━━ DATA ━━
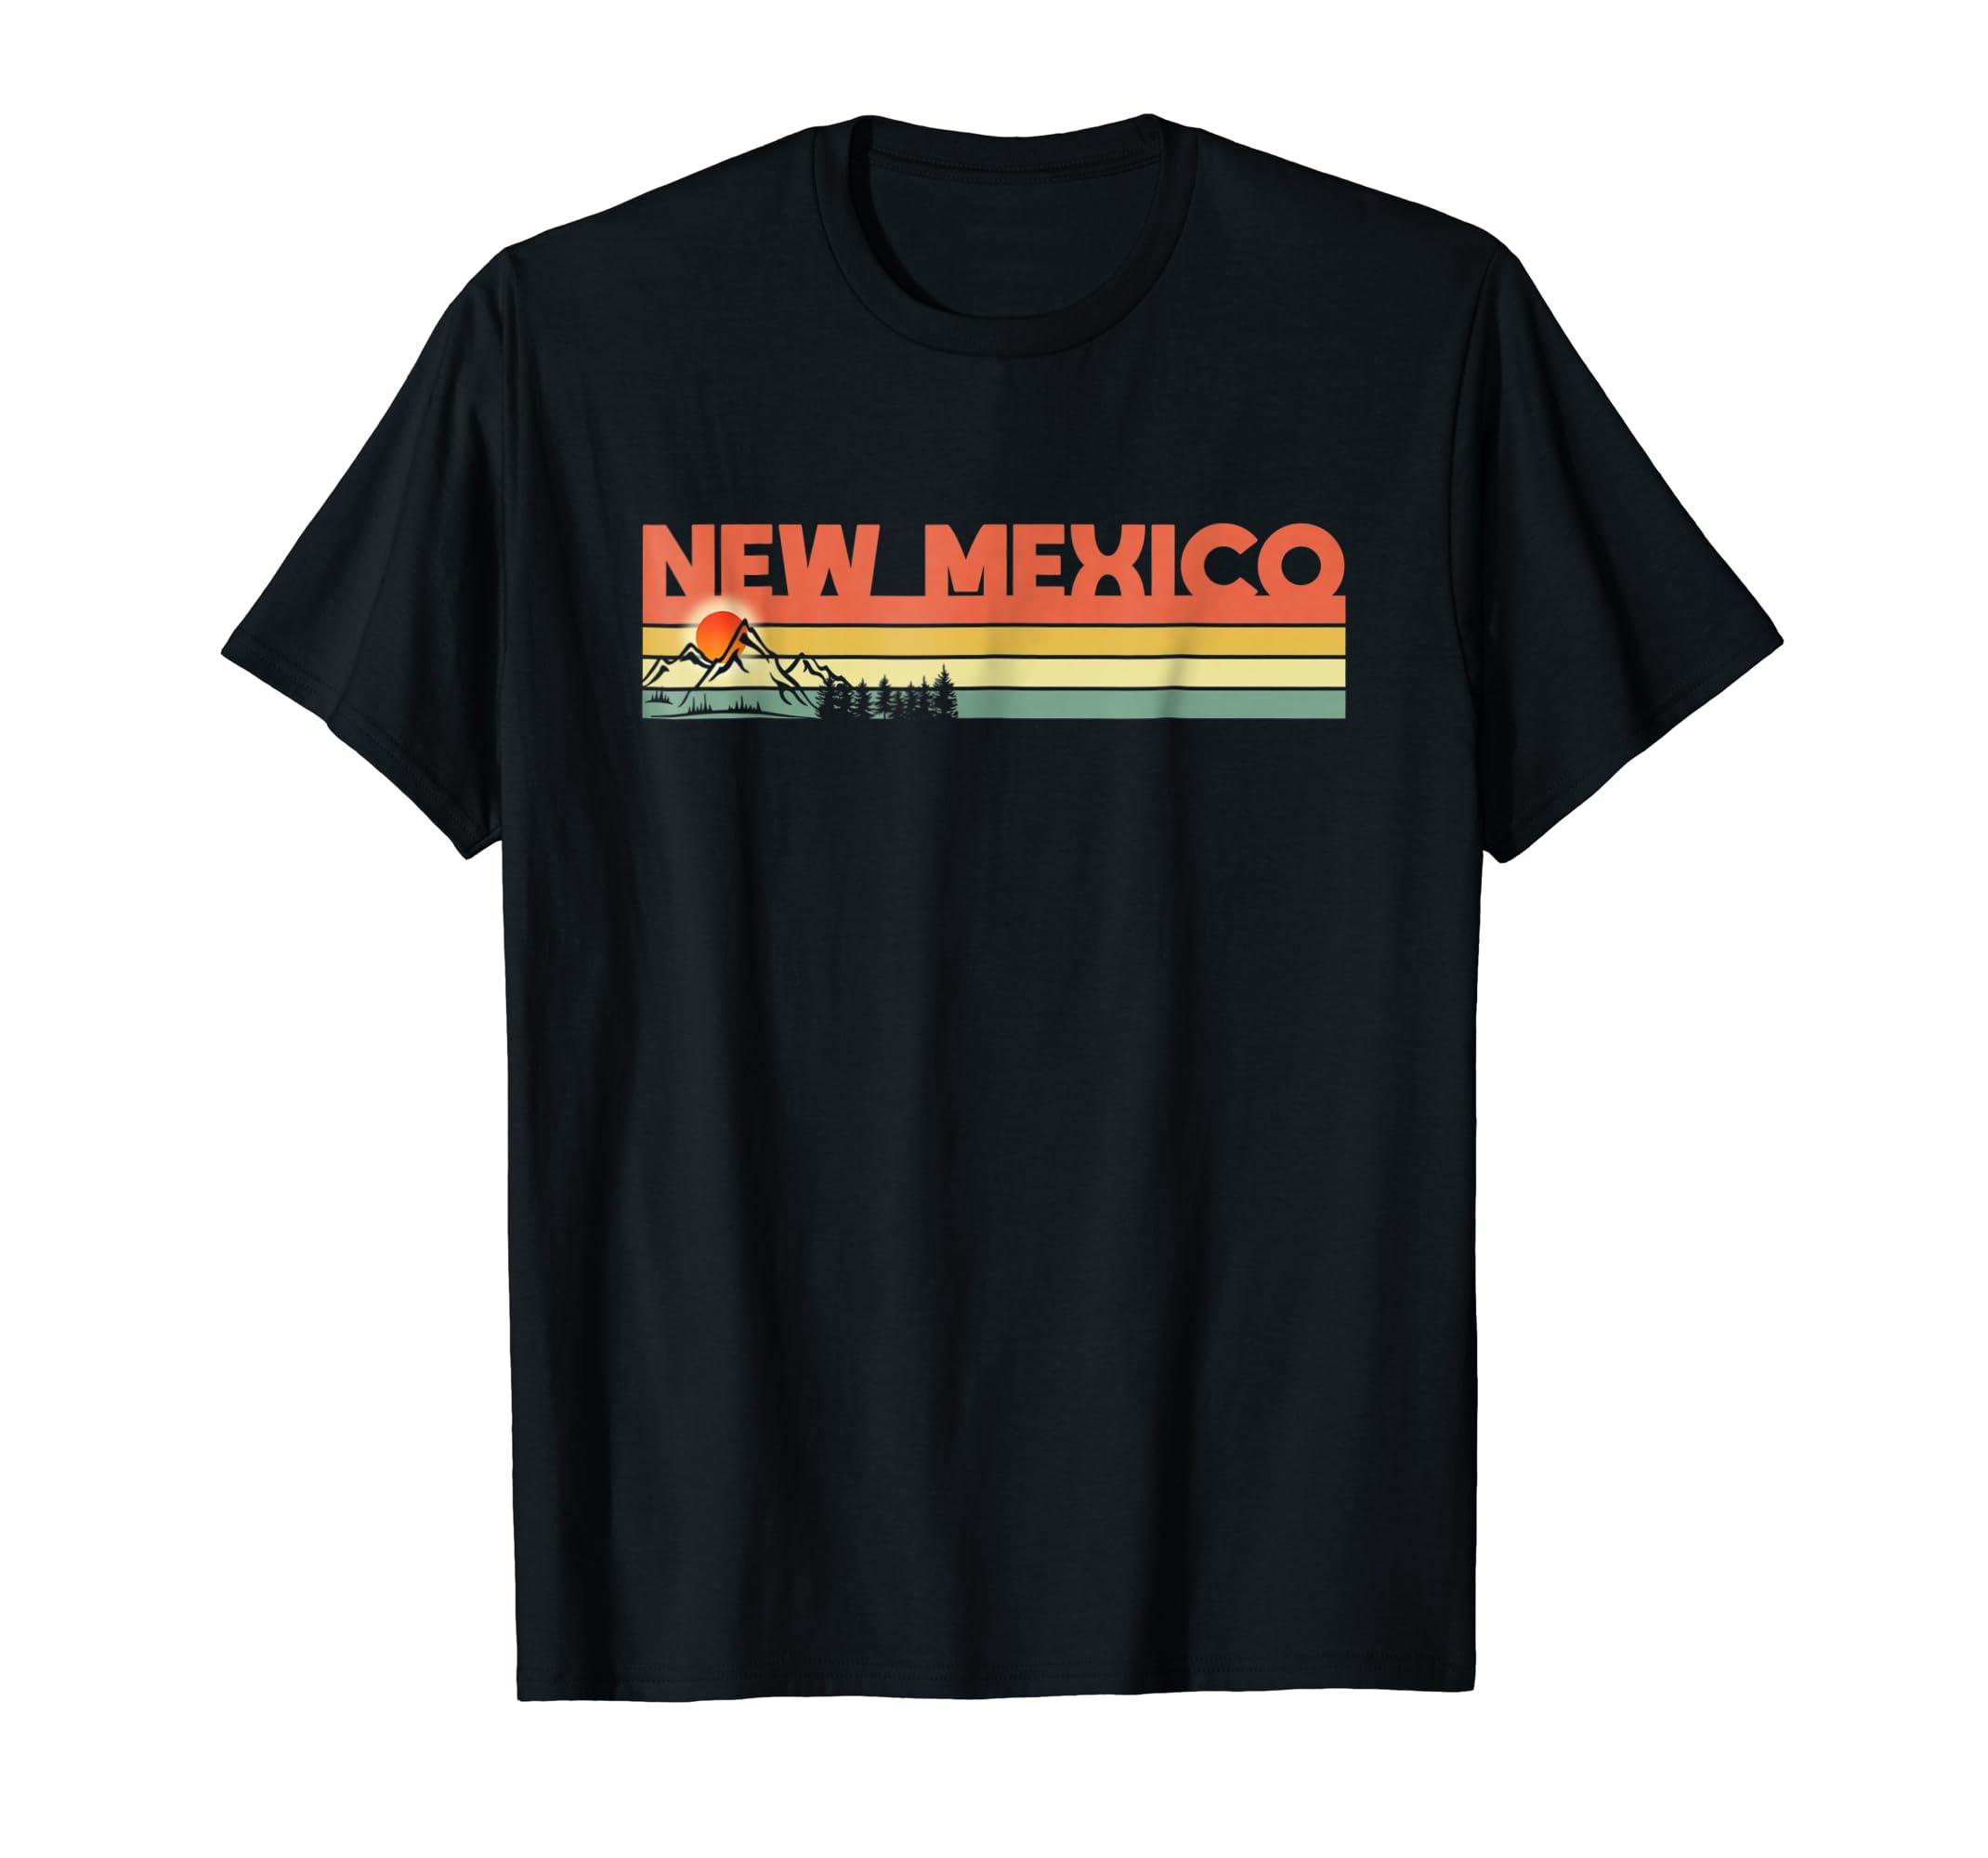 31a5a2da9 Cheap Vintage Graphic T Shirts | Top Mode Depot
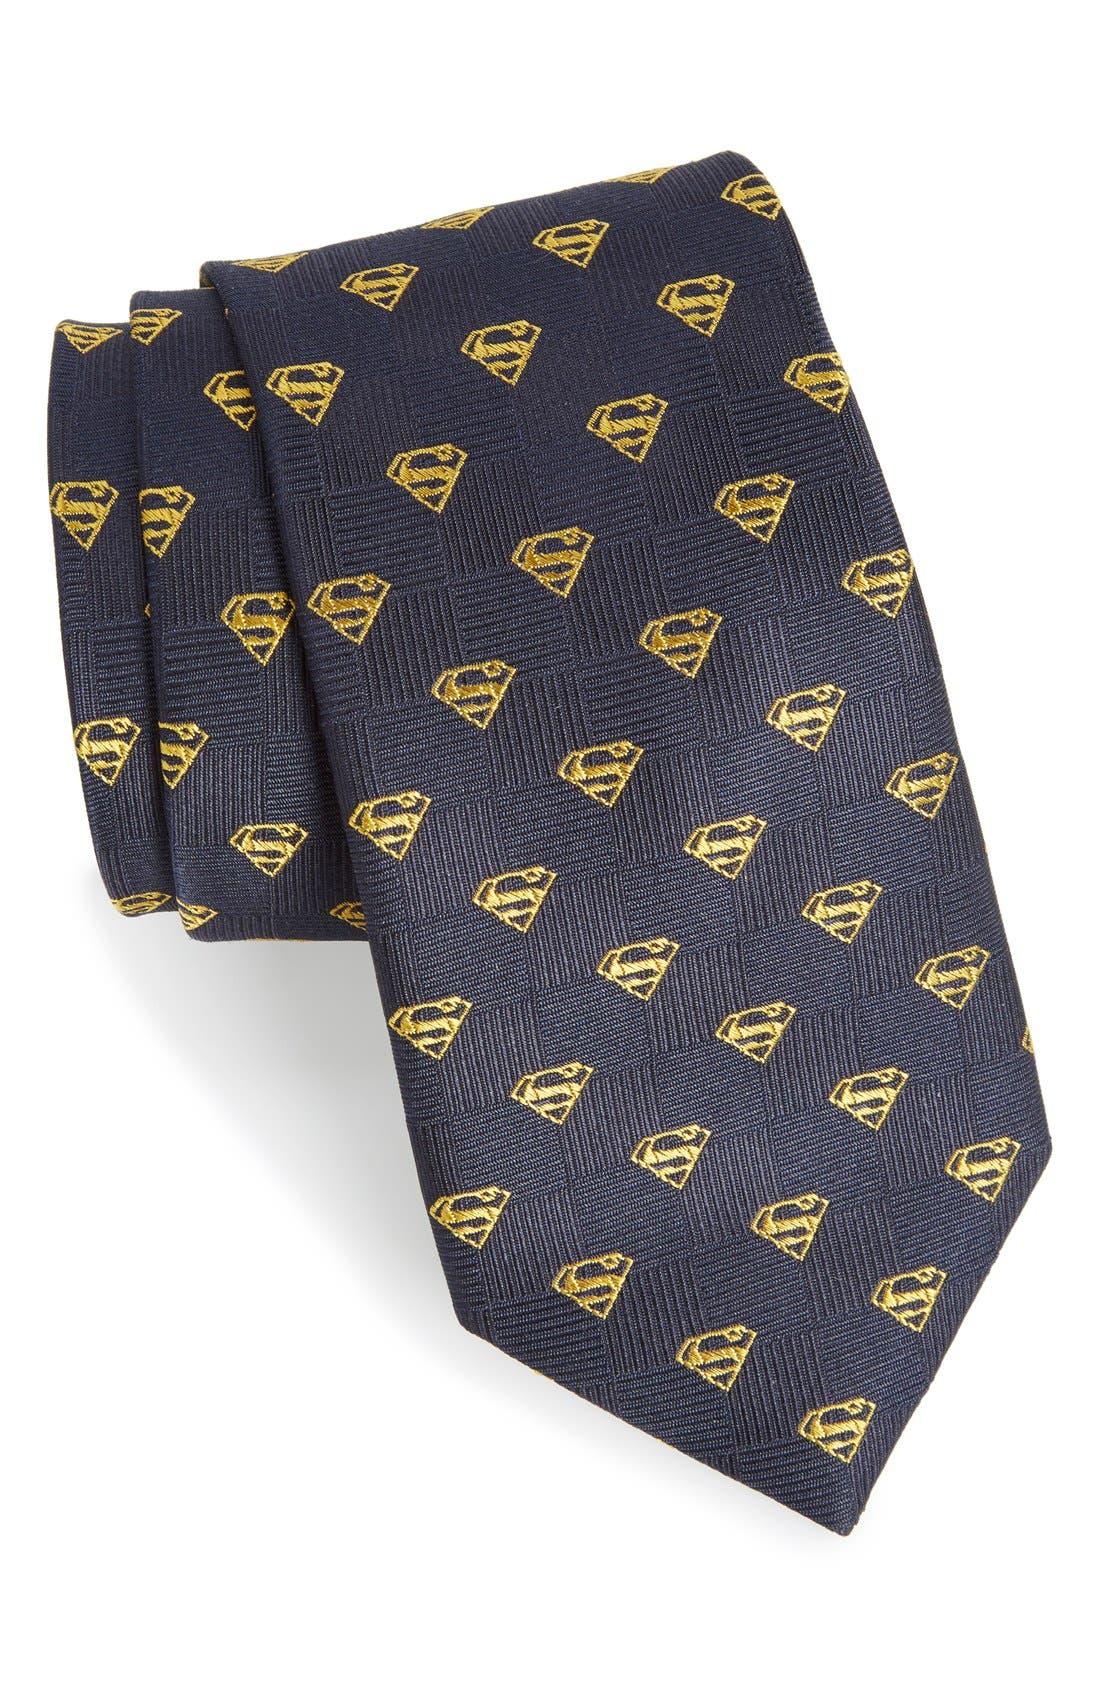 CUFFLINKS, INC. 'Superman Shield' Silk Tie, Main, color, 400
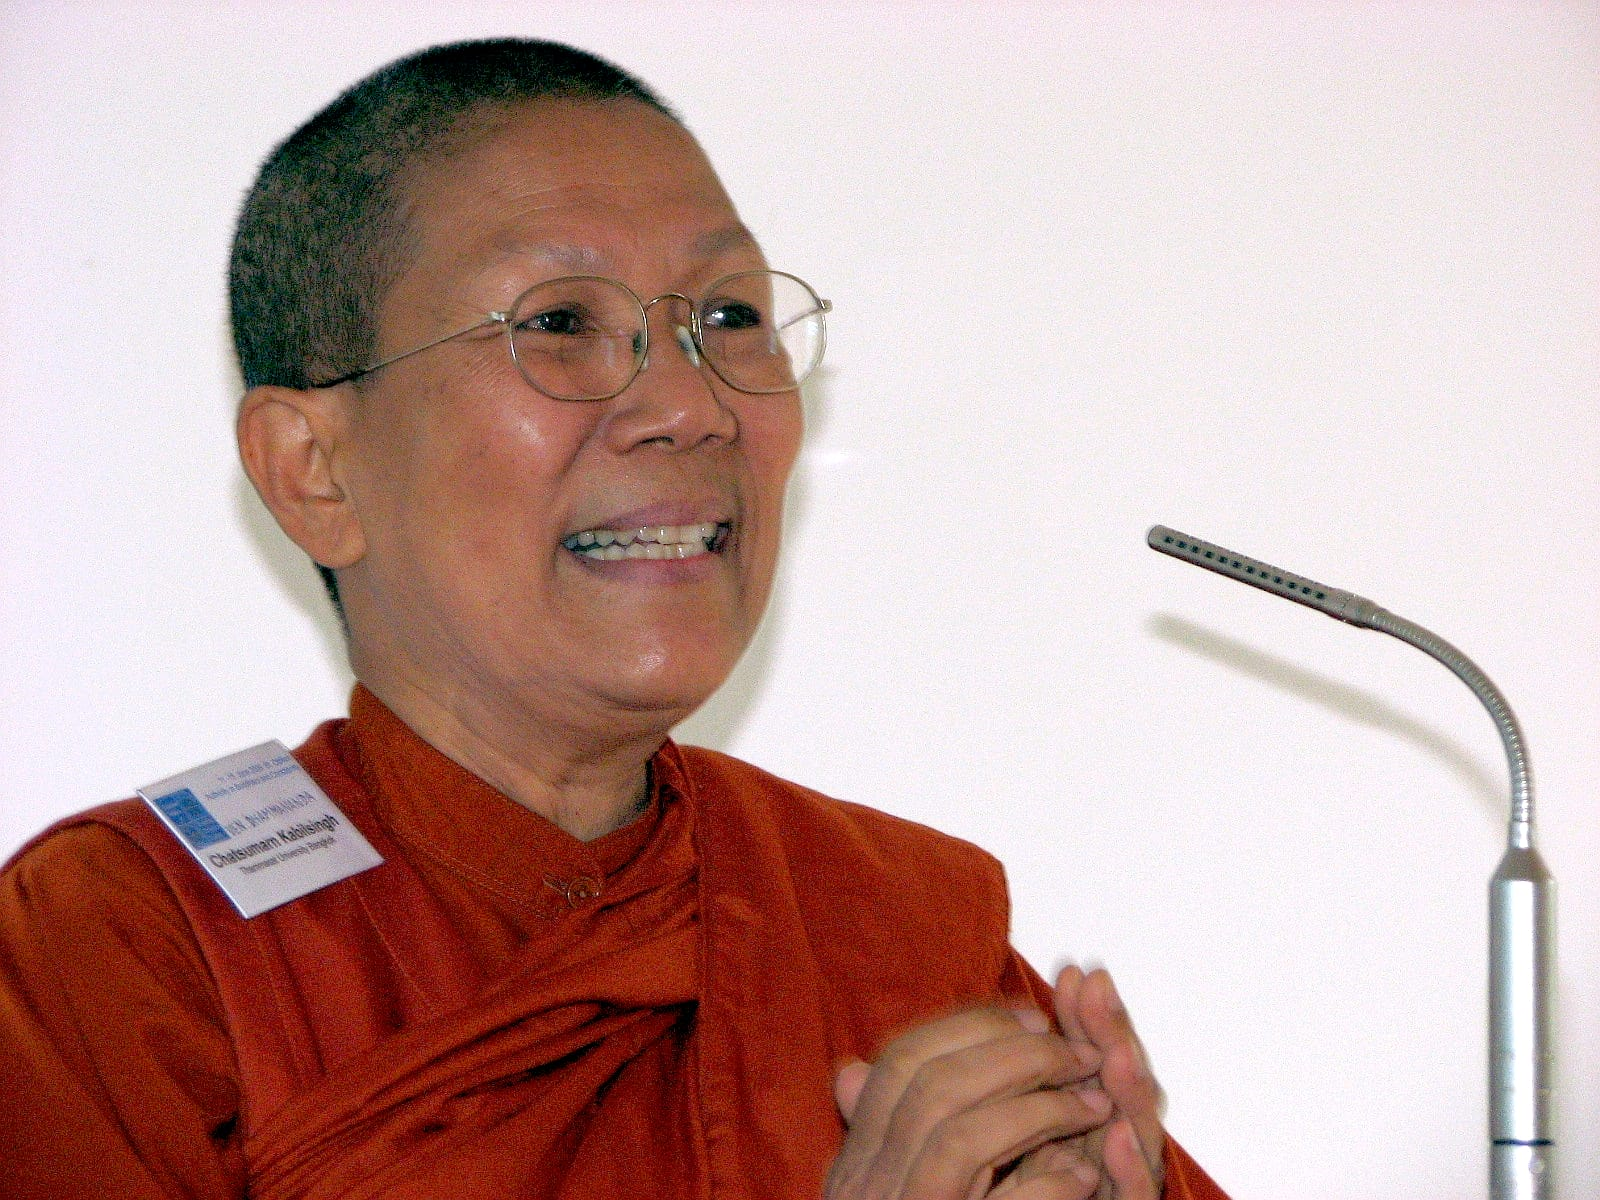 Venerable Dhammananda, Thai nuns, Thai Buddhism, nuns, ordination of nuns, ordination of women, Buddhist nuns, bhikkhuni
━━━
• _WHAT YOU HAVE TO DO_
Go through the listing above and quote it exactly, apart from its images.

• _RESULT FOR THIS TASK_
 31a5a2da9 Cheap Vintage Graphic T Shirts | Top Mode Depot
 CUFFLINKS, INC. 'Superman Shield' Silk Tie, Main, color, 400
 Venerable Dhammananda, Thai nuns, Thai Buddhism, nuns, ordination of nuns, ordination of women, Buddhist nuns, bhikkhuni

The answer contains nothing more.